▶ [Excerpts from a dataset]:
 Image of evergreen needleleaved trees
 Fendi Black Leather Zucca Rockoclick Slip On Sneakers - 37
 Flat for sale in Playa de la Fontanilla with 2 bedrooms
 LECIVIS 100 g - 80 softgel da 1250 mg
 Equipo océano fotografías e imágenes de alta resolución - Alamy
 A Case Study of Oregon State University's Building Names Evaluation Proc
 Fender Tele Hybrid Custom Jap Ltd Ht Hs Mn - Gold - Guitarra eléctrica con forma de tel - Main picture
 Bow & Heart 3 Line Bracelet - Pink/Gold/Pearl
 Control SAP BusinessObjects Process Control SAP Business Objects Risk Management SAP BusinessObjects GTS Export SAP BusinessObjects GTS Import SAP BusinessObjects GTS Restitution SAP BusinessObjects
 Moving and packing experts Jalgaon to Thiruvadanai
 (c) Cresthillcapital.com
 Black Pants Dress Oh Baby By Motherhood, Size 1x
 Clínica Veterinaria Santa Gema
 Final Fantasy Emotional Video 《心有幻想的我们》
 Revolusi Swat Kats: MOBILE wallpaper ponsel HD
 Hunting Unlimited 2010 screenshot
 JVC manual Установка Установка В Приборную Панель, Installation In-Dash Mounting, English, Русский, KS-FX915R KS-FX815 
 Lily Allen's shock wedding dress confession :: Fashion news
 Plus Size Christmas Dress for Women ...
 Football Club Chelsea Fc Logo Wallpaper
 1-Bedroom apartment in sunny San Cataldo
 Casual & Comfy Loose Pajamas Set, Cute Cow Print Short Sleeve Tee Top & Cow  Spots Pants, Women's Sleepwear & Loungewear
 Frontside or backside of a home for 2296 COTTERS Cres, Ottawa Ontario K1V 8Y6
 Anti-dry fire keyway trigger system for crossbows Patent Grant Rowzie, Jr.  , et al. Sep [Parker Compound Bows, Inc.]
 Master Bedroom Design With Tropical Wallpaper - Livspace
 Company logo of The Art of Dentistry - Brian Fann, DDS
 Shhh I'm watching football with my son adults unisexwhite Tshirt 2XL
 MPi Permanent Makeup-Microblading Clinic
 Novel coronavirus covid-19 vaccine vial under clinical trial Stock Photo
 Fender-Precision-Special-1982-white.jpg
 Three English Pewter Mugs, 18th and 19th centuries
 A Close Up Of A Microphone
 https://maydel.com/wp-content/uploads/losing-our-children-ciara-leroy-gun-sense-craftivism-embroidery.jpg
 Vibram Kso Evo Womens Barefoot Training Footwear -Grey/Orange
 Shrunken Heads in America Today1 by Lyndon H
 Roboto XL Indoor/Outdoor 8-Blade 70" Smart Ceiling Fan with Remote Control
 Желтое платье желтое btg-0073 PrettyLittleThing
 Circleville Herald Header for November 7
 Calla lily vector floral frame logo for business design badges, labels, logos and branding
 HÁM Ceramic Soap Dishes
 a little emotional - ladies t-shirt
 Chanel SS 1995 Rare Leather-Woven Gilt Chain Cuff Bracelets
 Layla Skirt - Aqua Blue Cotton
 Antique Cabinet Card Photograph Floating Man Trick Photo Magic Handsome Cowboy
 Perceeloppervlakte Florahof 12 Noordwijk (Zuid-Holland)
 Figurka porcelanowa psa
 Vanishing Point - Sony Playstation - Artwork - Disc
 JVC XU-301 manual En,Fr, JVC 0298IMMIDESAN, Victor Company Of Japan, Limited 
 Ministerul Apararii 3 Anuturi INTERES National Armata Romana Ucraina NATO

▶ [WHAT YOU HAVE TO DO]: The lines to copy are those in the records above containing the word "Black".

▶ [TASK ANSWER]:
 Fendi Black Leather Zucca Rockoclick Slip On Sneakers - 37
 Black Pants Dress Oh Baby By Motherhood, Size 1x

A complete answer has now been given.